### Data shown

※ ※ ※

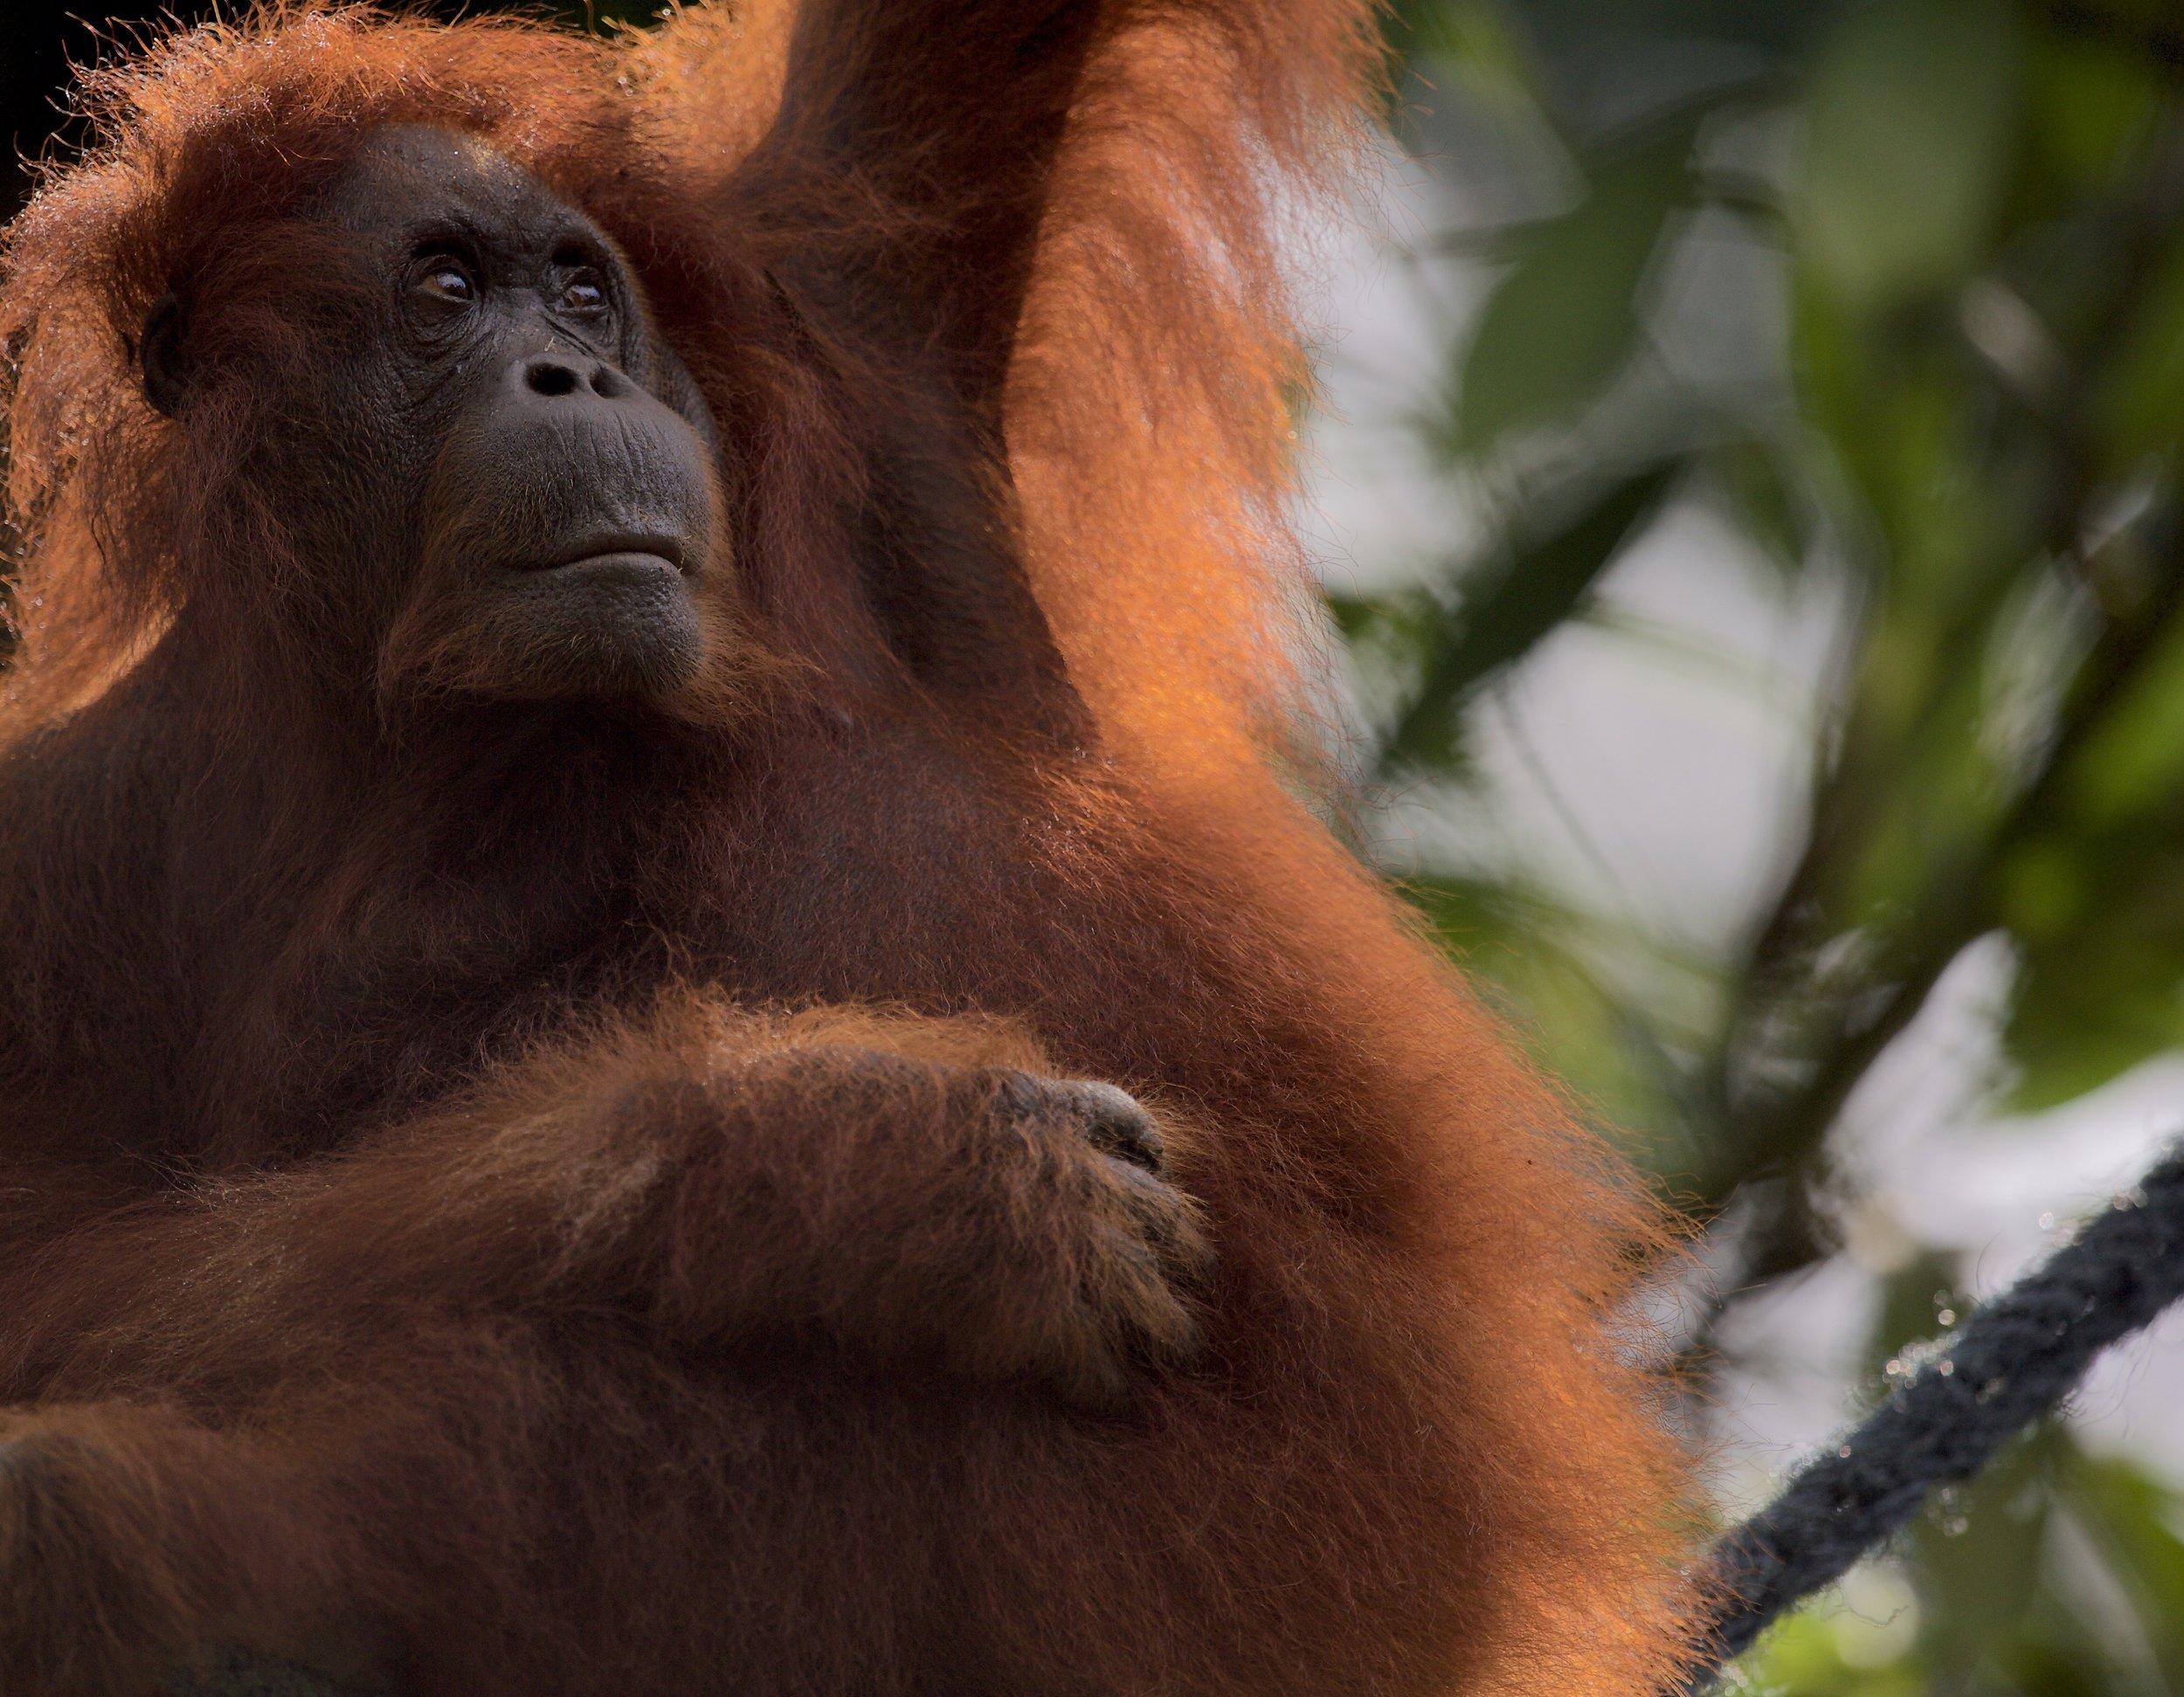 An orangutan on Borneo.
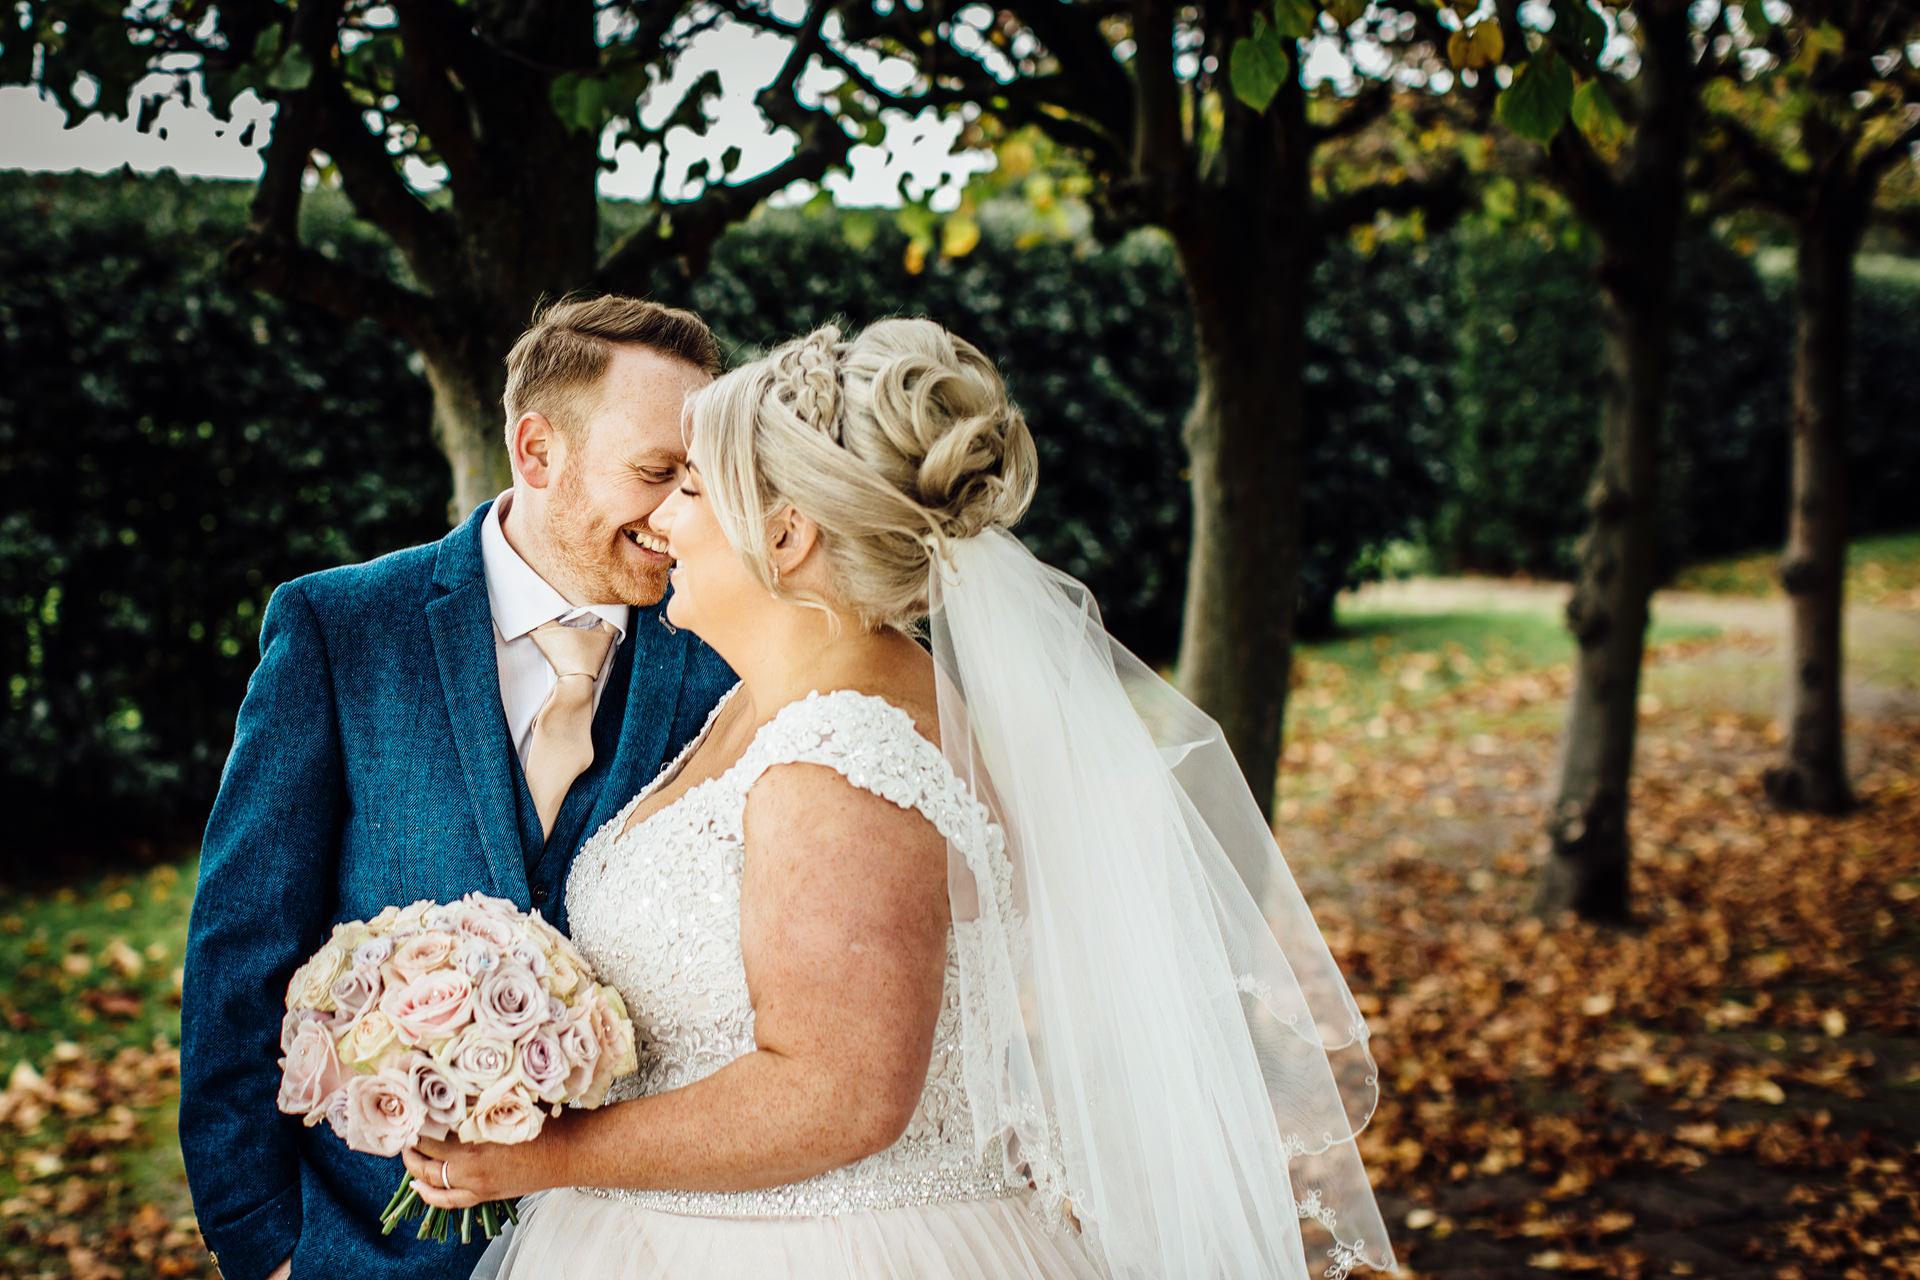 wedding photographer touching noses thornton manor gardens, cheshire
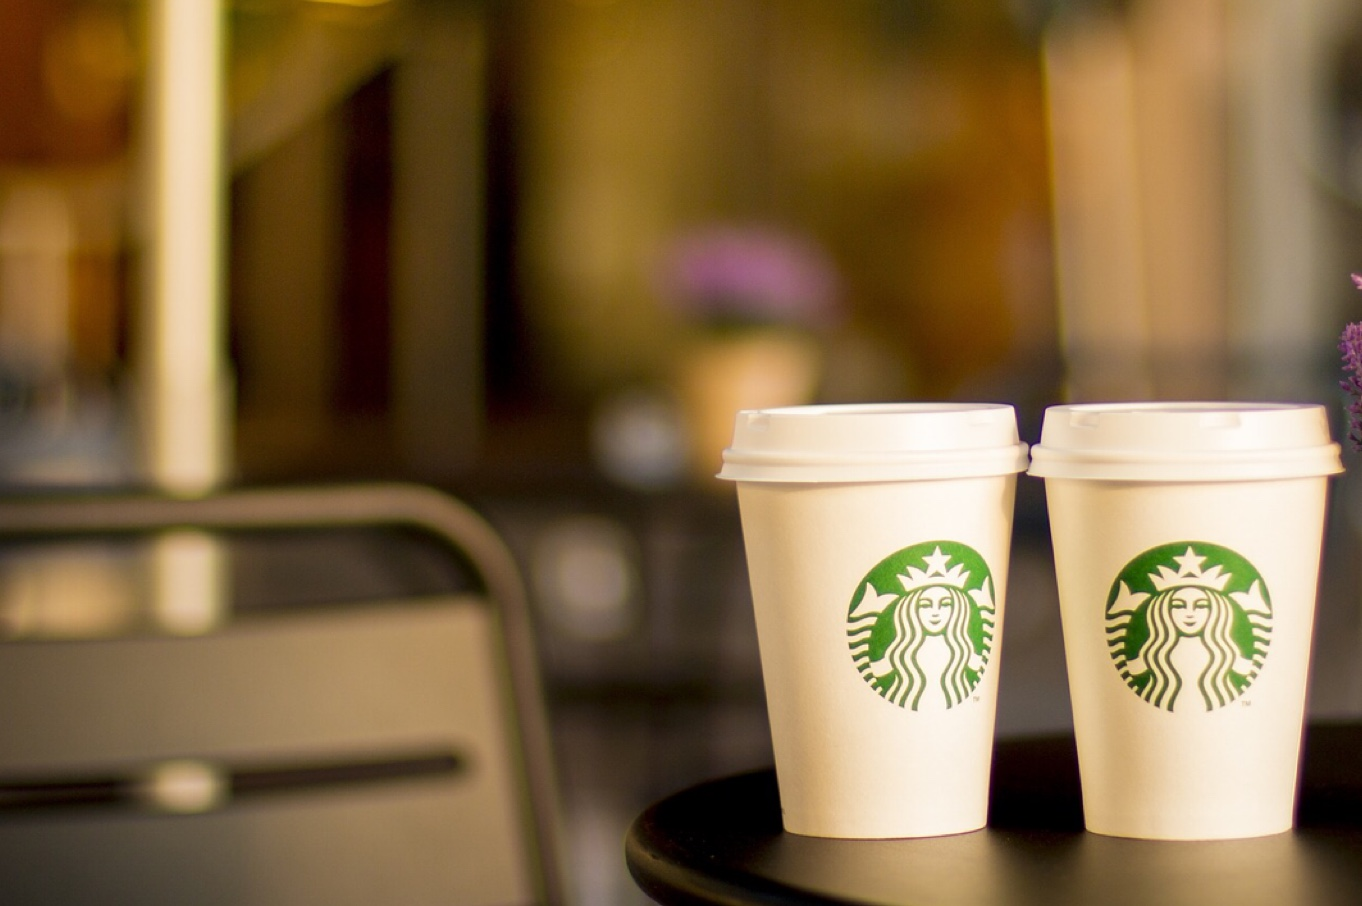 #2 – Does Jesus Love Coffee?

※ ※ ※

### What is expected
Omit all images when repeating the data above exactly.

### Your solution
 An orangutan on Borneo.
 wedding photographer touching noses thornton manor gardens, cheshire
 #2 – Does Jesus Love Coffee?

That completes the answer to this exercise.